Your objective: The expected output is the line with "A happy family" plus all lines after it to the end of the material below, reproduced exactly, with pictures omitted and nothing else included.

Input data:
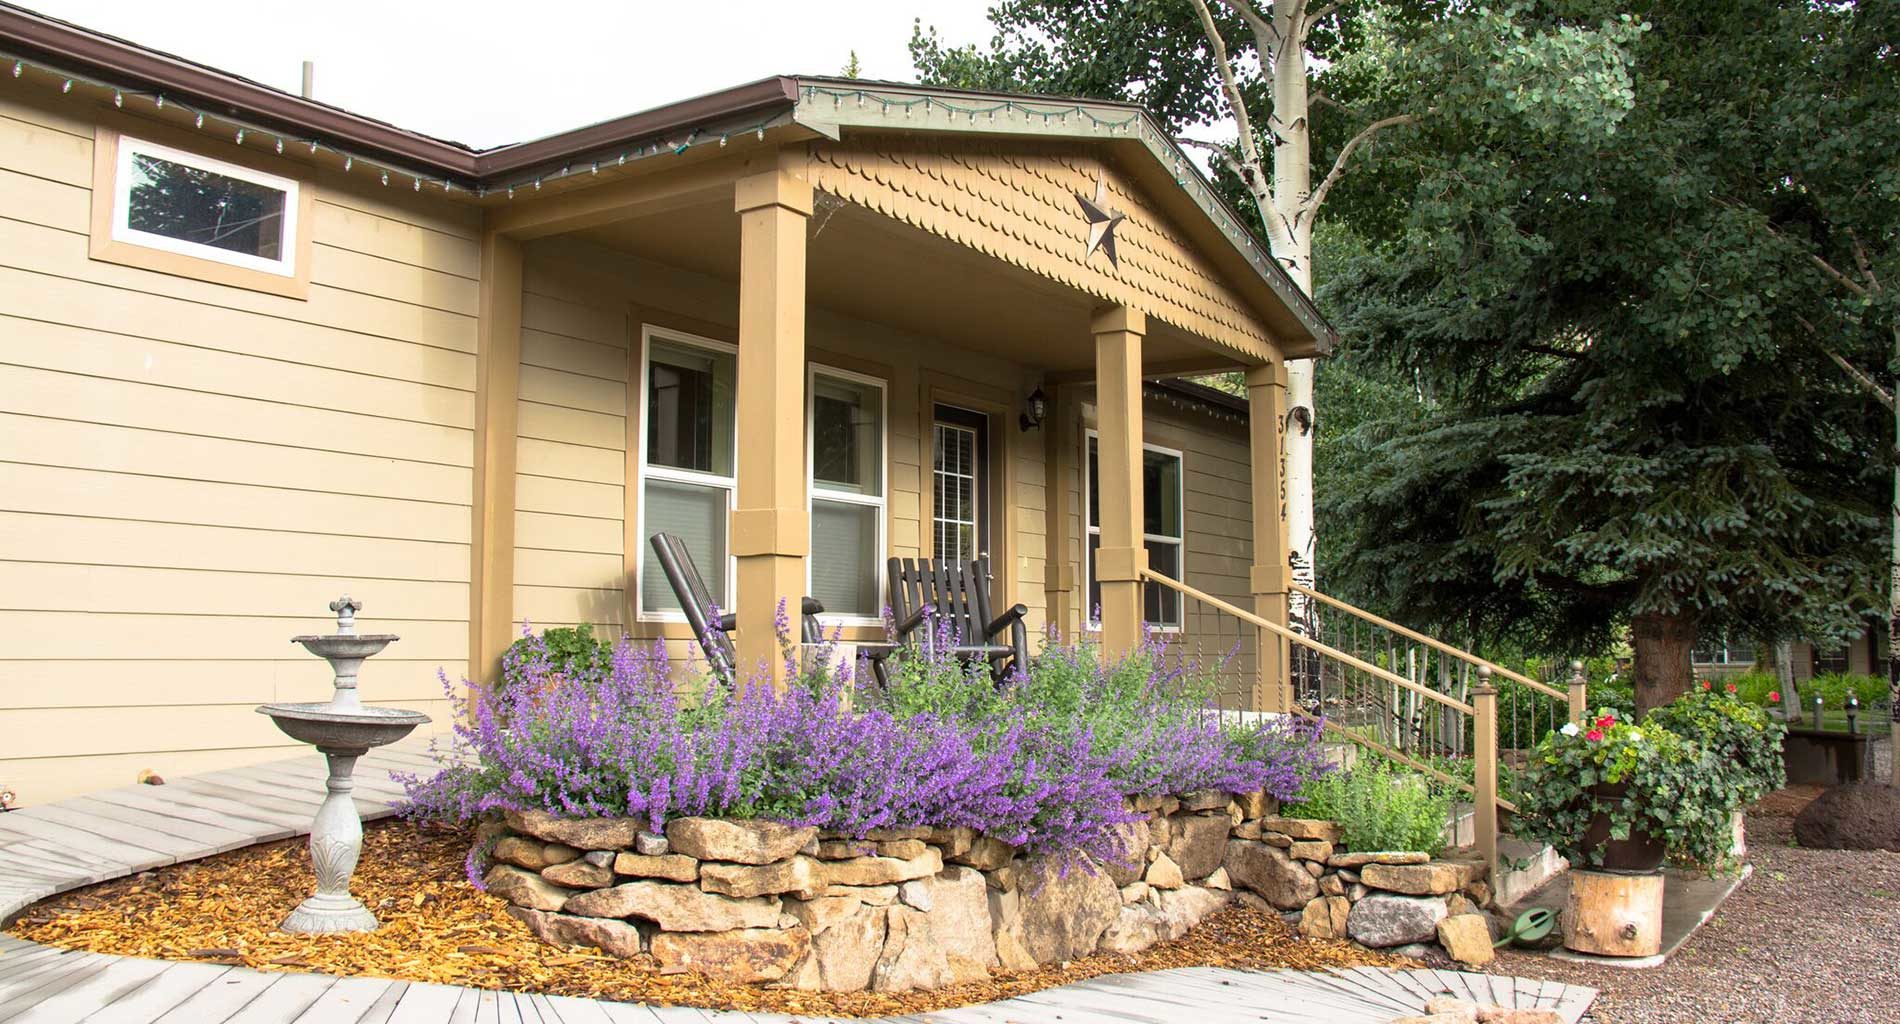 Exterior view of cabin featuring rock wall garden and lavender purples and luscious trees in background.
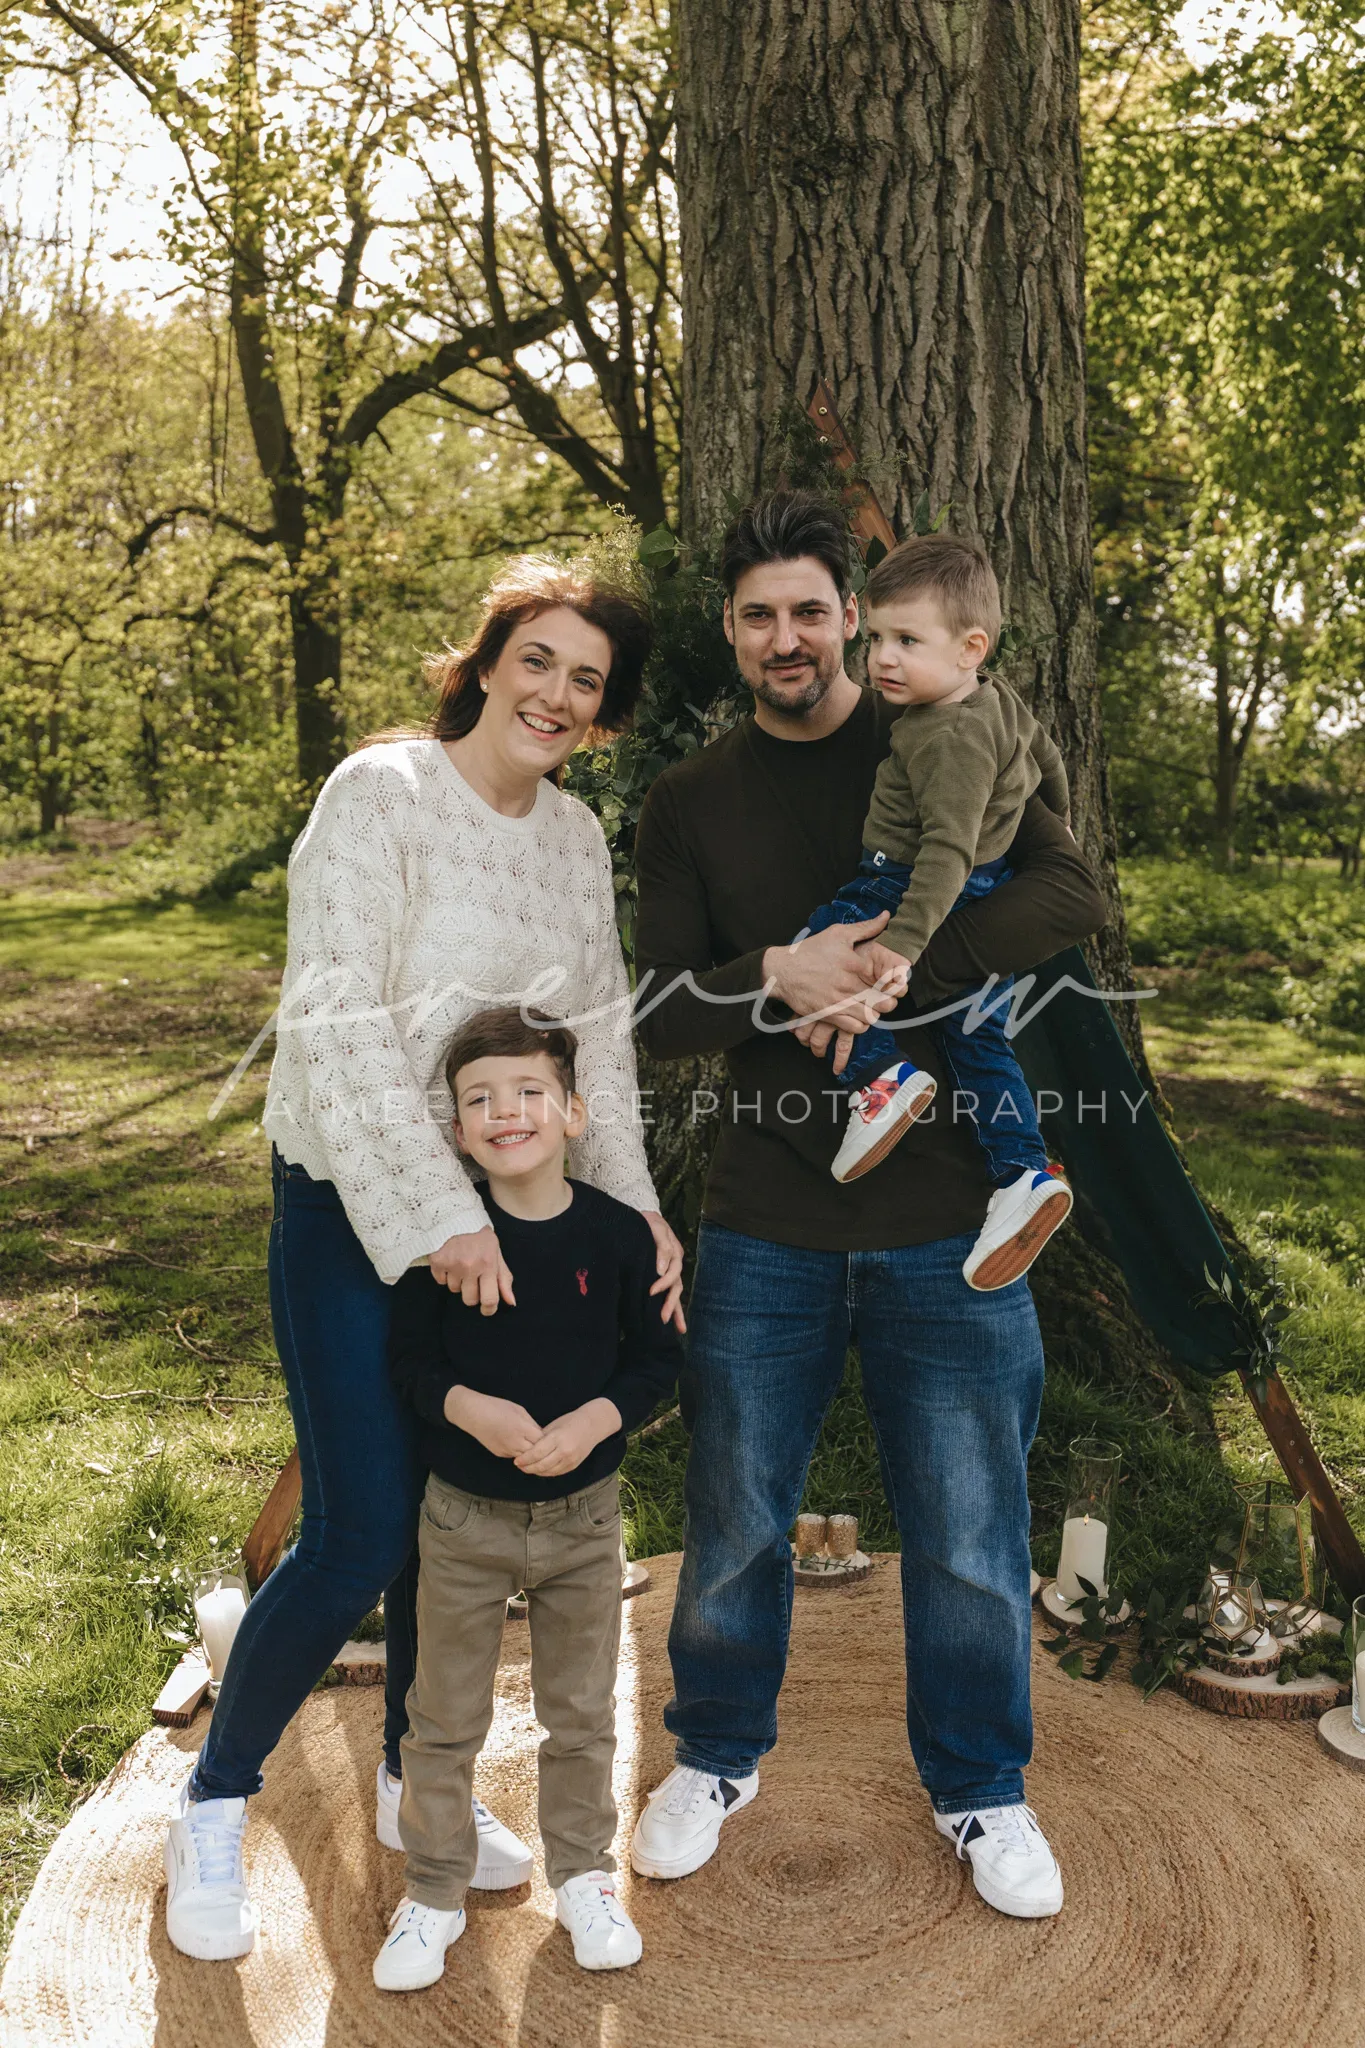 A happy family of four posing outdoors in a park by a large tree. the mother, father, and two young sons all smile at the camera, with one son held in the father's arms and the other standing in front.
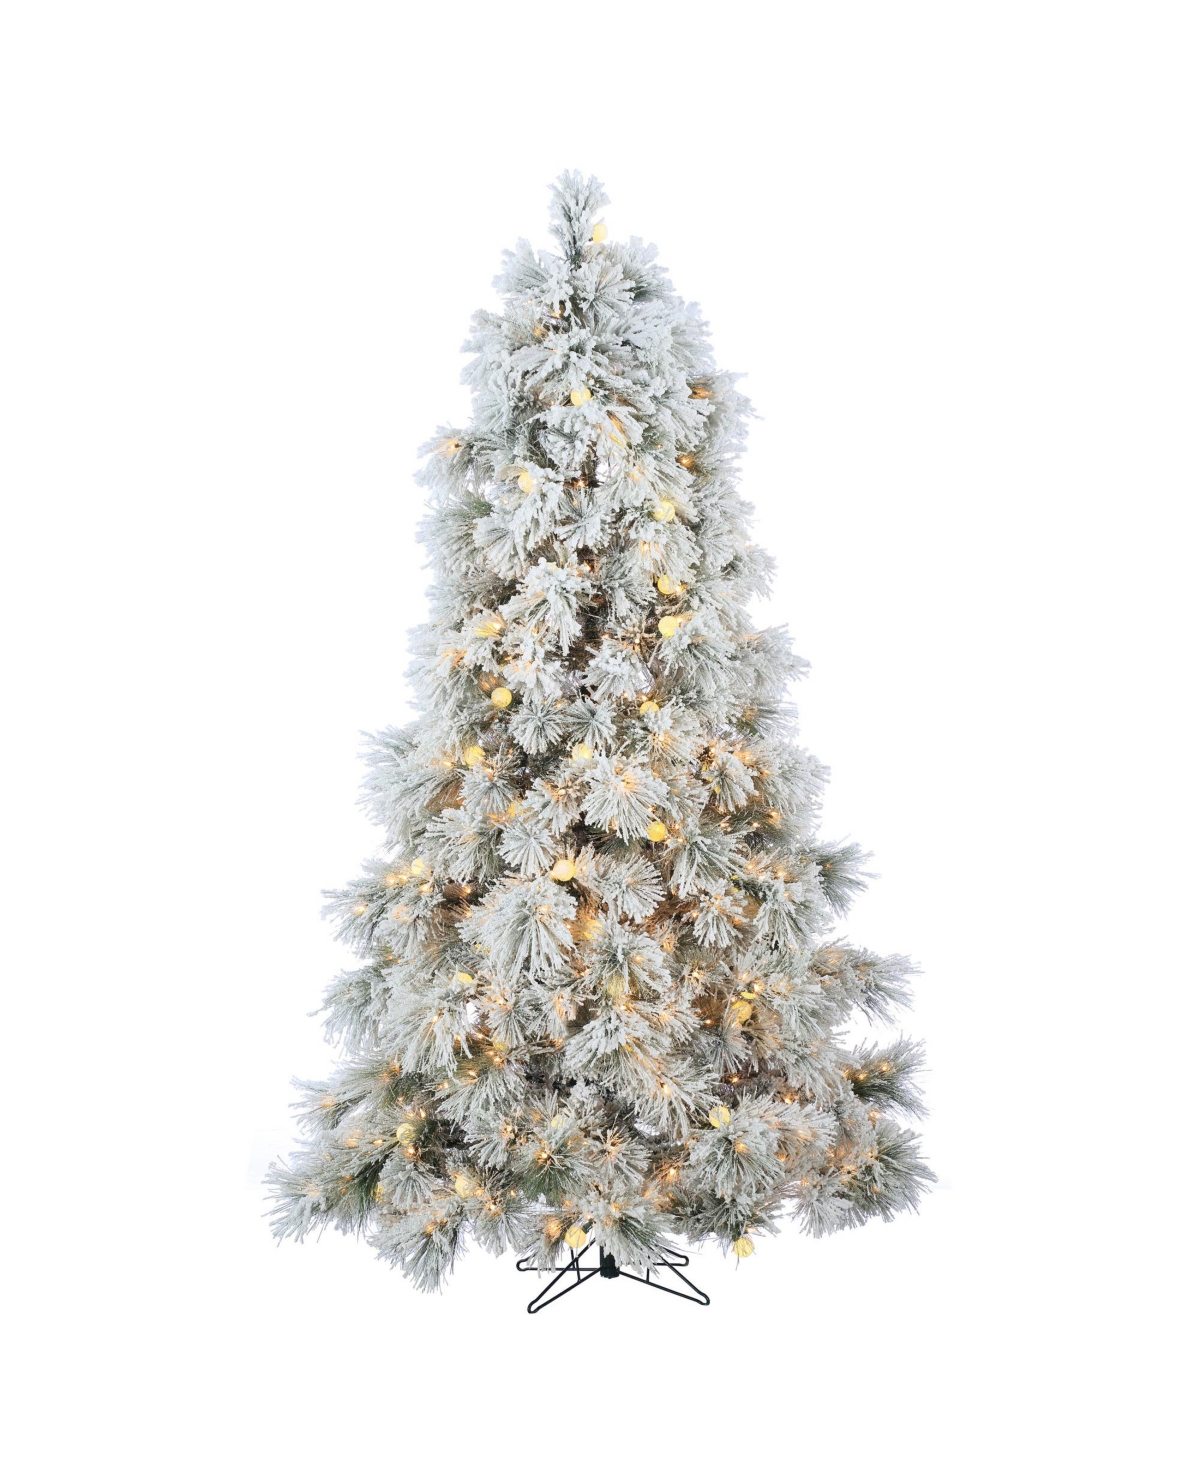 7.5Ft. Heavily Flocked Northern Pine with 750 Clear Lights and 85 G40 Warm White Led Lights - Green

Completed exercise:
 A happy family of four posing outdoors in a park by a large tree. the mother, father, and two young sons all smile at the camera, with one son held in the father's arms and the other standing in front.
 7.5Ft. Heavily Flocked Northern Pine with 750 Clear Lights and 85 G40 Warm White Led Lights - Green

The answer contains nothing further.